Motivation
A common research objective is to demonstrate that two measurements are highly correlated.
For example,
A measurement: reflect the severity of disease but is difficult or costly to collect.
B measurement: easier to collect and potentially related to measurement A.
Thus, if there is strong association between A and B, a cost effective strategy for diagnosis may be to collect measurement B instead of A.
Power Calculation
Power is the probability that the study will end in success when the true underlying correlation is, in fact, greater that 0.8
Recall that, a type II error is made if we fail to reject the null hypothesis when in fact the null hypothesis is false
Thus, power = 1 - Type II error (β)
In this blog, we will estimate power for different combinations of sample size and the true population correlation
Let the sample size be 25, 50, 75, and 100. Let the population correlation range from 0.8 to 0.95.
Correlation | A | B |
---|---|---|
A | 1 | rho |
B | rho | 1 |
First, we generate a vector of random values from an N-dimensional multivariate normal distribution given some mean vector and covariance matrix
For instance, if we set N = 10, the generated data would be like this
## [,1] [,2]
## [1,] -1.98630078 -1.88018692
## [2,] -1.08606909 -2.96877559
## [3,] 0.15626669 -0.95789487
## [4,] -0.16431225 0.08264868
## [5,] 1.65431451 0.65172155
## [6,] 0.48730551 0.85109515
## [7,] 0.43559321 0.71010025
## [8,] 0.01193761 0.26670785
## [9,] -1.95107450 -1.92285104
## [10,] -0.80914405 -1.09479418
Take 5000 simulations, power is the proportion of the time that the true underlying correlation between A and B is greater than 0.8
Our hypothesis is:
H0 : p<=0.8
H1 : p>0.8
generate_plot <- function(N){
power=rep(NA)
N
null_correlation <- 0.8
R <- 5000
mu <- c(0,0)
for (j in 1:16){
sigma <- array(c(1,0.79+0.01*j,0.79+0.01*j,1), c(2,2))
detect <- rep(NA, R)
for(i in 1:R){
data <- rmvnorm(N, mean = mu, sigma = sigma)
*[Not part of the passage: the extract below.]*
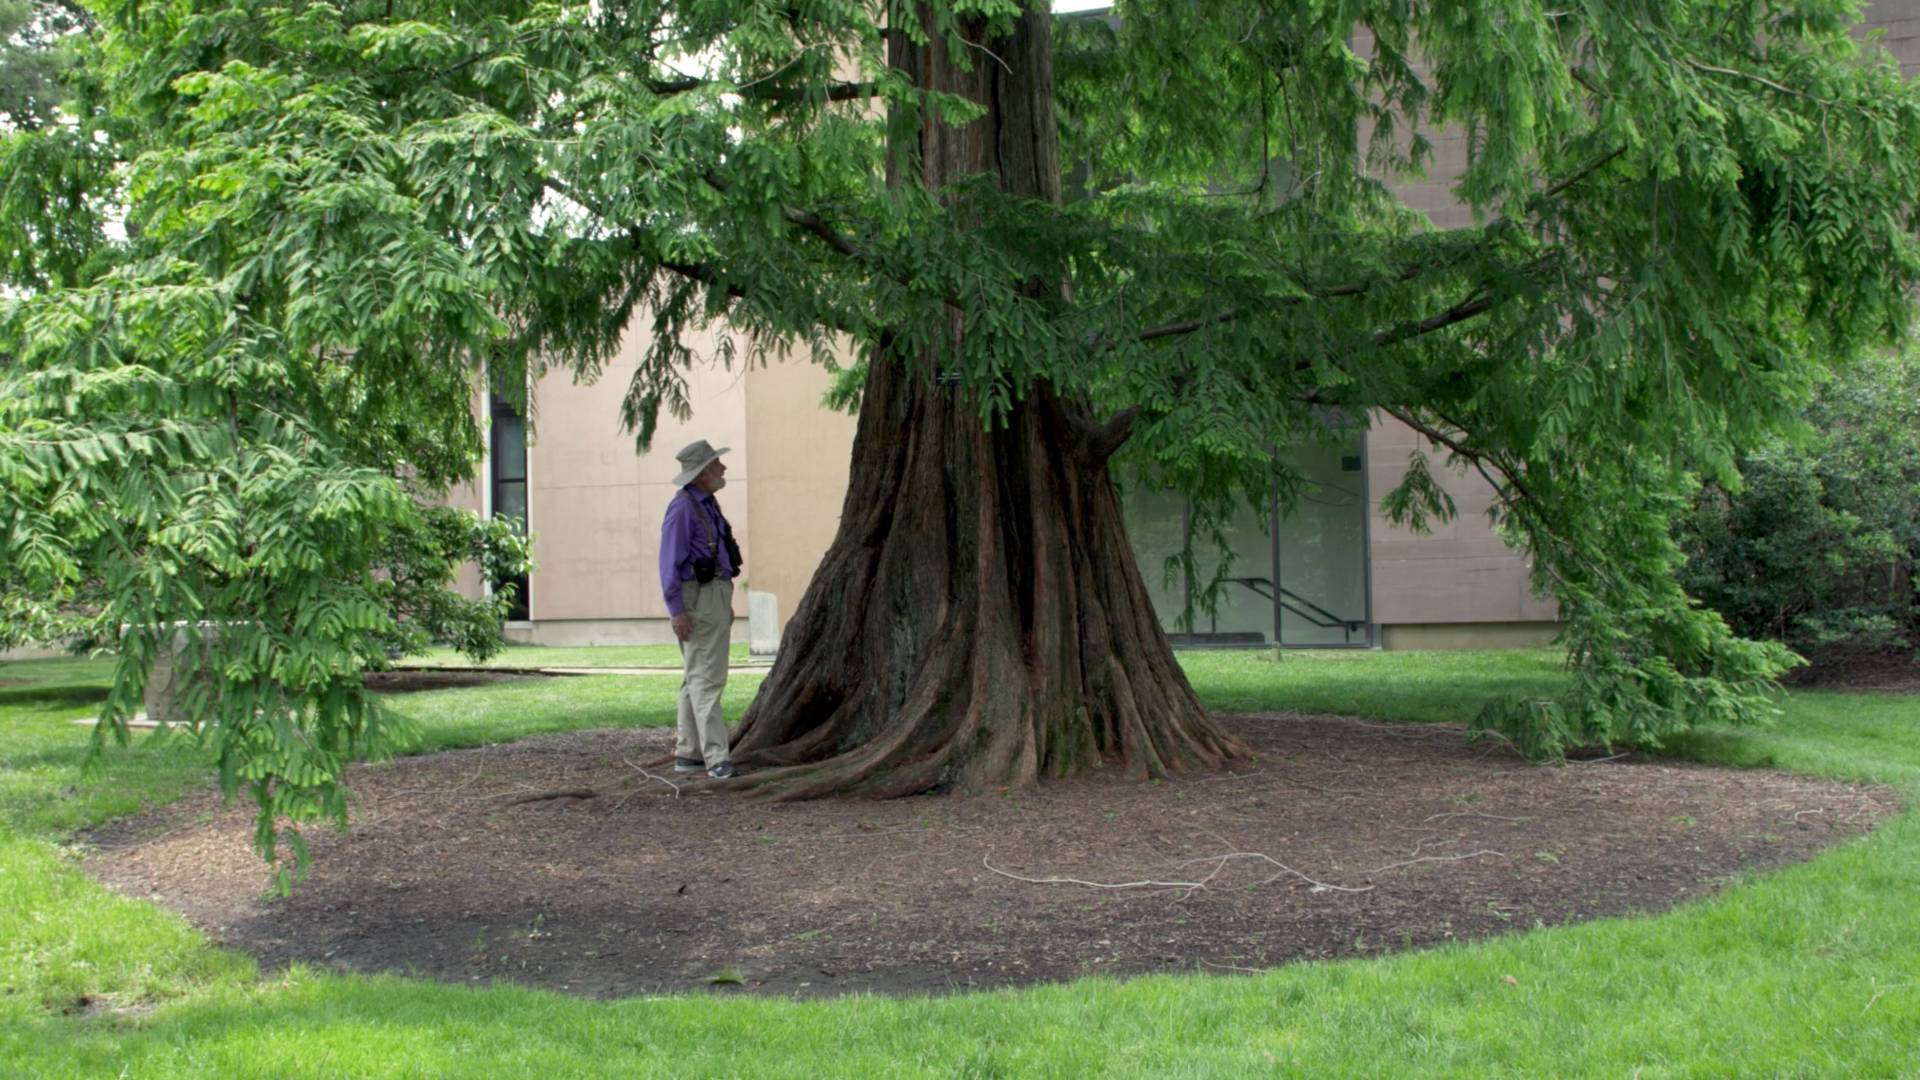 Henry Horn standing under large tree

results <- cor.test(x = data[,1], y = data[,2], alternative = "greater")
detect[i] <- results$conf.int[1] > null_correlation
}
power[j] <- mean(detect)
}
lines(seq(0.8,0.95,0.01),power,type='l',col=N,pch=16,lwd=3)
text(0.87,power[8],paste0("N=",N),pos=2,cex=0.7,col=N)
}
The plot of power for different combinations of sample size and the true population correlation is shown below
As true population correlation increases, the power(the probability that the study will end in success) will increase.
As sample size increases, the power will will increase.
Thus, if we want two measurements to be highly correlated, we could collect measurements on more individuals or choose measurements with larger true population correlation.